1. Across the United States, which types of events (as indicated in the EVTYPE variable) are most harmful with respect to population health?

              # Summarize data by fatality
              stormDeath <- 
              dataNew %>%
              group_by(YEAR=as.numeric(format(Begin,"%Y")),MONTH=as.numeric(format(Begin,"%m")),STATE,EVTYPE)  %>%  
              summarize(DEATH=sum(FATALITIES, na.rm=TRUE))  %>%  
              select(YEAR,MONTH,STATE,EVTYPE,DEATH) 
            
              # Order by most recent year
              stormDeath<- stormDeath[order(-stormDeath$YEAR),] 
              
              # Summarize data by injury
              stormCasualty <- 
              subset(dataNew,(INJURIES != 0 | FATALITIES != 0)) %>%
              group_by(YEAR=as.numeric(format(Begin,"%Y")),MONTH=as.numeric(format(Begin,"%m")),STATE,EVTYPE)  %>%  
              #summarize(INJURY=sum(INJURIES),DEATH=sum(FATALITIES))  %>%  
              select(YEAR,MONTH,STATE,EVTYPE,INJURY=sum(INJURIES),DEATH=sum(FATALITIES))
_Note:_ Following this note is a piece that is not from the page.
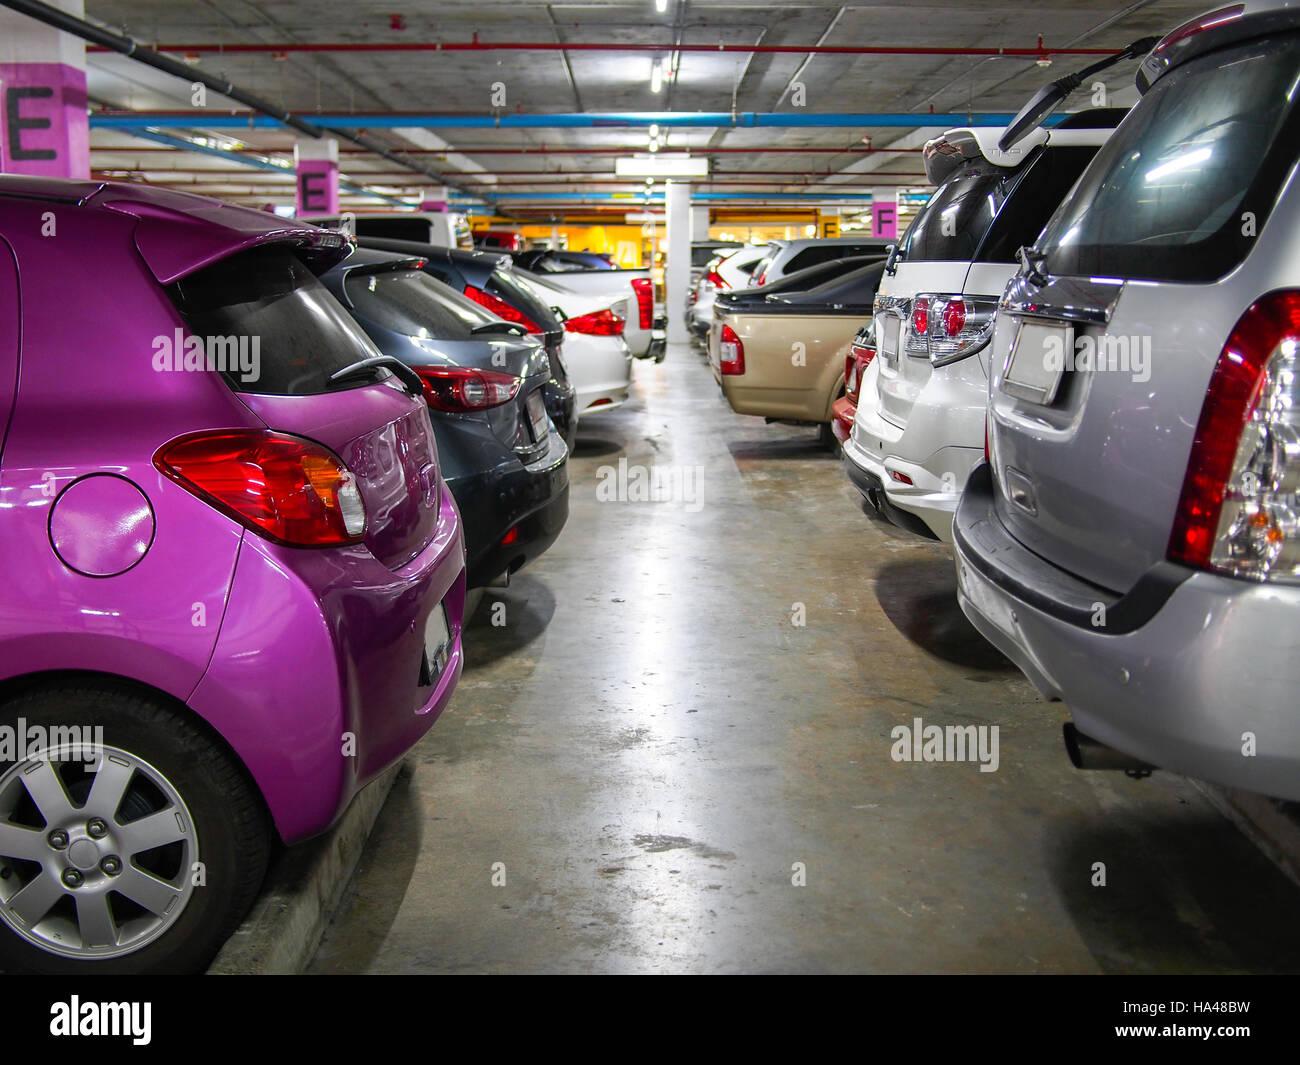 parking lot underground interior - Stock Image

Wordcloud from the Remarks, Deaths vs Injuries

           # options(scipen=5)
              
            #png("wordcloud_storm.png", width=12,height=8, units='in', res=300)
  
            #png("wordcloud_storm.png", width=1200,height=800)  
               
            pal <- brewer.pal(9,"YlGnBu")
            pal <- pal[-(1:4)]
            
            dataCorpus <- Corpus(VectorSource(stormDeath$EVTYPE))
            
            dataCorpus <- tm_map(dataCorpus, stripWhitespace)
            
            dataCorpus <- tm_map(dataCorpus, removeWords, stopwords("english"))
            
            dataCorpus <- tm_map(dataCorpus, removeWords, c("excessive", "extreme", "unseasonal"))
            
            dataCorpus <- tm_map(dataCorpus, PlainTextDocument)
            
            
            dataCorpus <- tm_map(dataCorpus, stemDocument)
            
            wordcloud(dataCorpus, max.words = 50, random.order = FALSE,
                      rot.per=0.35, use.r.layout=TRUE, colors=pal, main="Events resulting in Death")

            # dev.off()

Summarize data where a death or injury occurred by Event Type

            TopCasualtyYear <- 
              stormCasualty %>%
              group_by(YEAR,EVTYPE)  %>%  
              summarize(DEATH=sum(DEATH),INJURY=sum(INJURY)) %>%
              select(YEAR,EVTYPE,DEATH,INJURY) 
            
            TopInj <- 
              stormCasualty %>%
              group_by(EVTYPE)  %>%  
              summarize(INJURY=sum(INJURY, na.rm=TRUE))  %>%  
              select(EVTYPE,INJURY) 
            
            TopDeath <- 
              stormCasualty %>%
              group_by(EVTYPE)  %>%  
              summarize(DEATH=sum(DEATH, na.rm=TRUE))  %>%  
              select(EVTYPE,DEATH) 
            
            TopCasualty <- 
              TopCasualtyYear %>%
              group_by(EVTYPE)  %>%
              summarize(DEATH=sum(DEATH),INJURY=sum(INJURY)) %>%
              select(EVTYPE,DEATH,INJURY) 
            
             
            #Get the top 20 death causing weather types    
            TopInj<- TopInj[order(-TopInj$INJURY),]
       
            TopInj<- head(TopInj,20)
            
        
            #Get the top 20 death causing weather types    
            TopDeath <- TopDeath[order(-TopDeath$DEATH),]
            
            TopDeath <- head(TopDeath,20)
            
            # Injury and Death top 20
            stormCS <- merge(TopInj,TopDeath, by = "EVTYPE", all = TRUE)
            
            #Identify the major weather event types
            majorEvents <- unique(stormCS$EVTYPE)
            
            
            #Take the top 20 weather events for the top casualty analysis
            TopCasualtyYear <- TopCasualtyYear[TopCasualtyYear$EVTYPE %in% (majorEvents),]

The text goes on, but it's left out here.